Assignment: Your task is to output the listing word for word, with pictures excluded.

Information supplied:

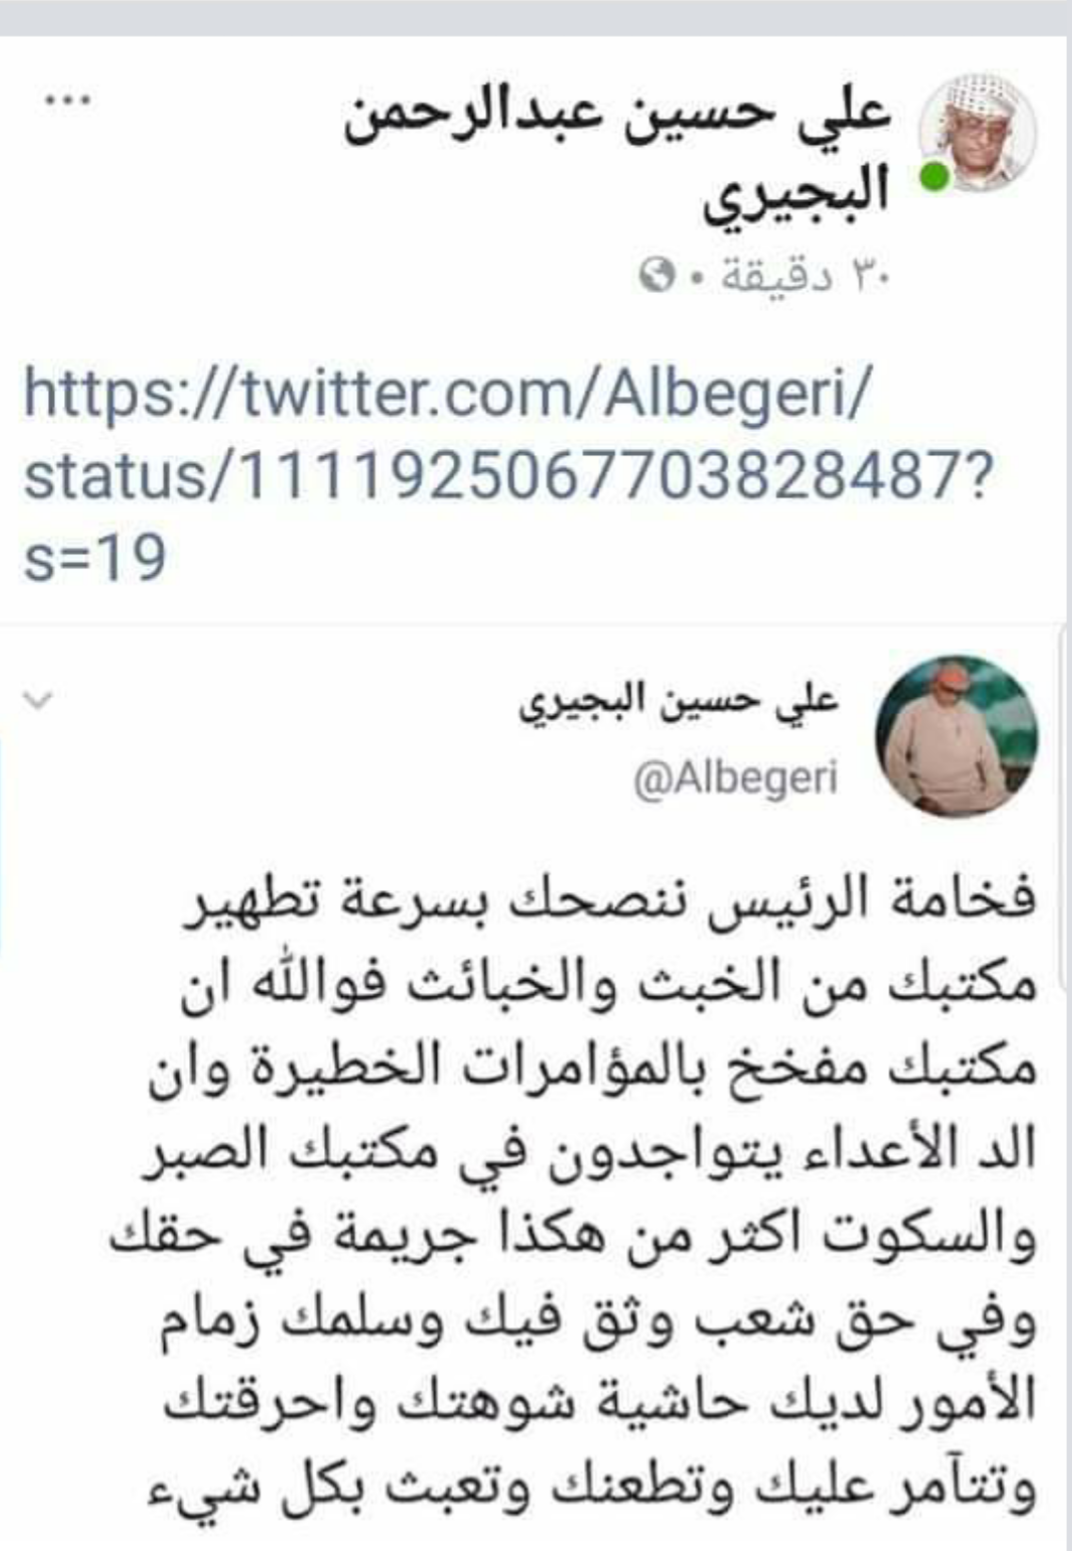 عضو في مجلس الشورى ينصح الرئيس هادي بتطهير مكتبه من الخبث والخبائث ومن المؤامرات الخبيثة
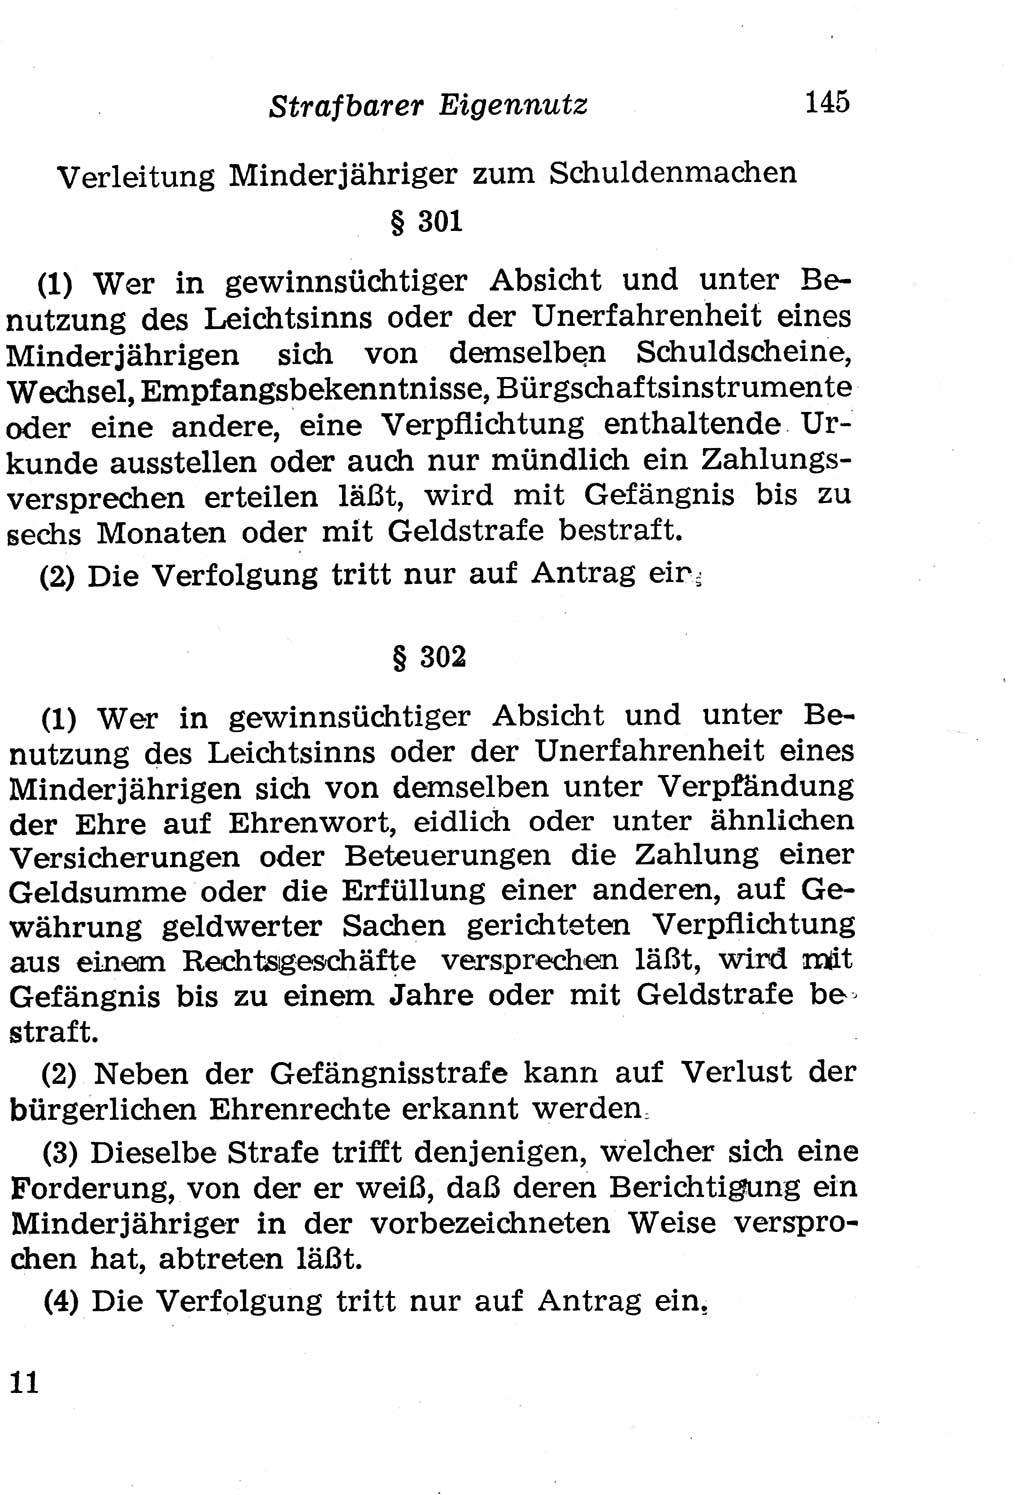 Strafgesetzbuch (StGB) und andere Strafgesetze [Deutsche Demokratische Republik (DDR)] 1958, Seite 145 (StGB Strafges. DDR 1958, S. 145)
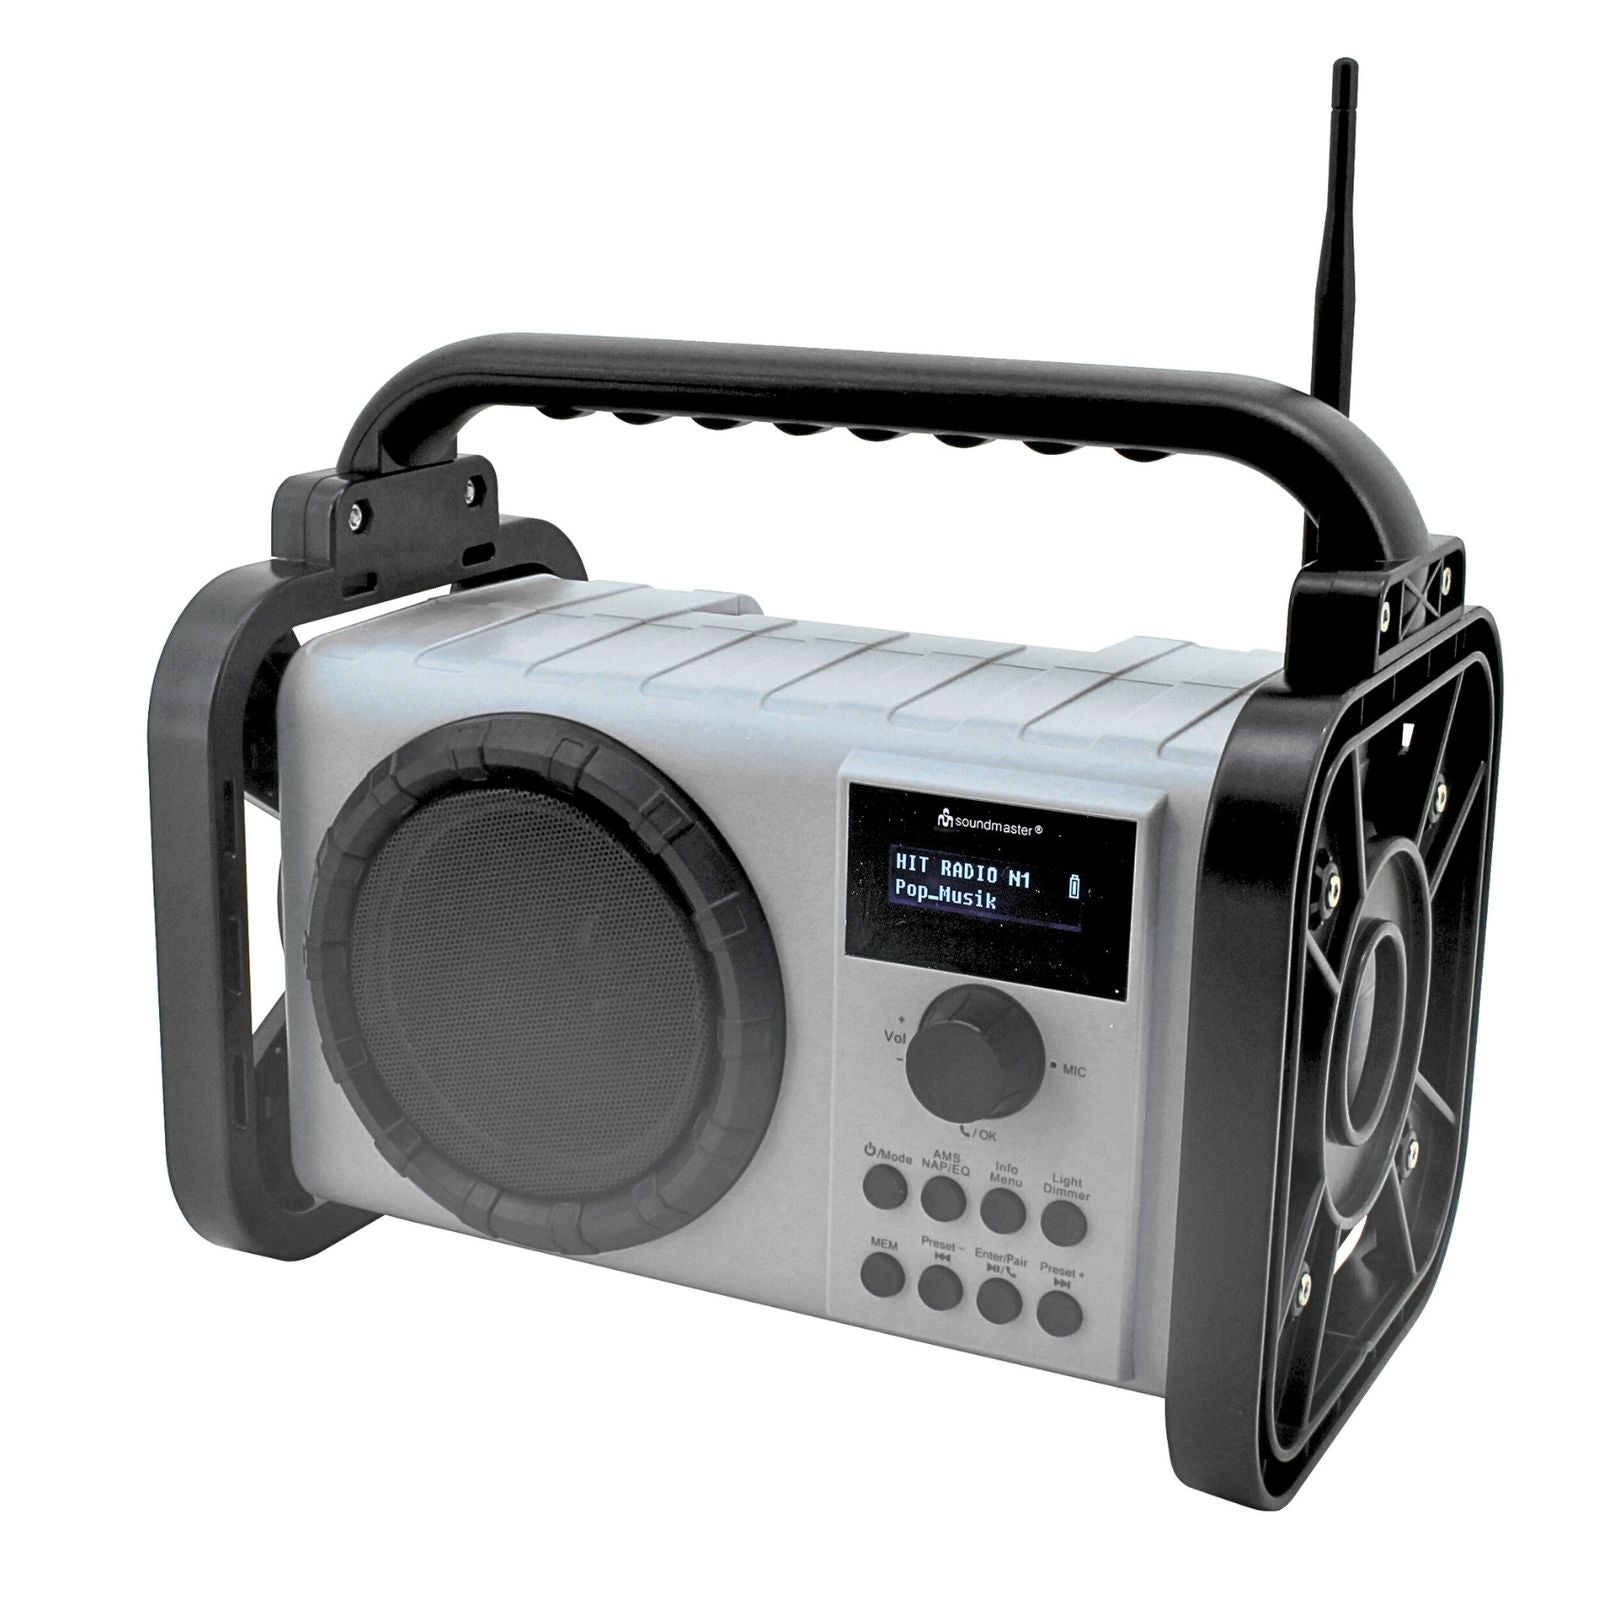 Soundmaster DAB80SG Baustellenradio Baustellenradio Gartenradio Digitalradio DAB+ UKW-RDS Bluetooth Li-Ion Akku IP44 staub- und spritzwassergeschützt

Expected output:
 عضو في مجلس الشورى ينصح الرئيس هادي بتطهير مكتبه من الخبث والخبائث ومن المؤامرات الخبيثة
 Strafgesetzbuch (StGB) und andere Strafgesetze [Deutsche Demokratische Republik (DDR)] 1958, Seite 145 (StGB Strafges. DDR 1958, S. 145)
 Soundmaster DAB80SG Baustellenradio Baustellenradio Gartenradio Digitalradio DAB+ UKW-RDS Bluetooth Li-Ion Akku IP44 staub- und spritzwassergeschützt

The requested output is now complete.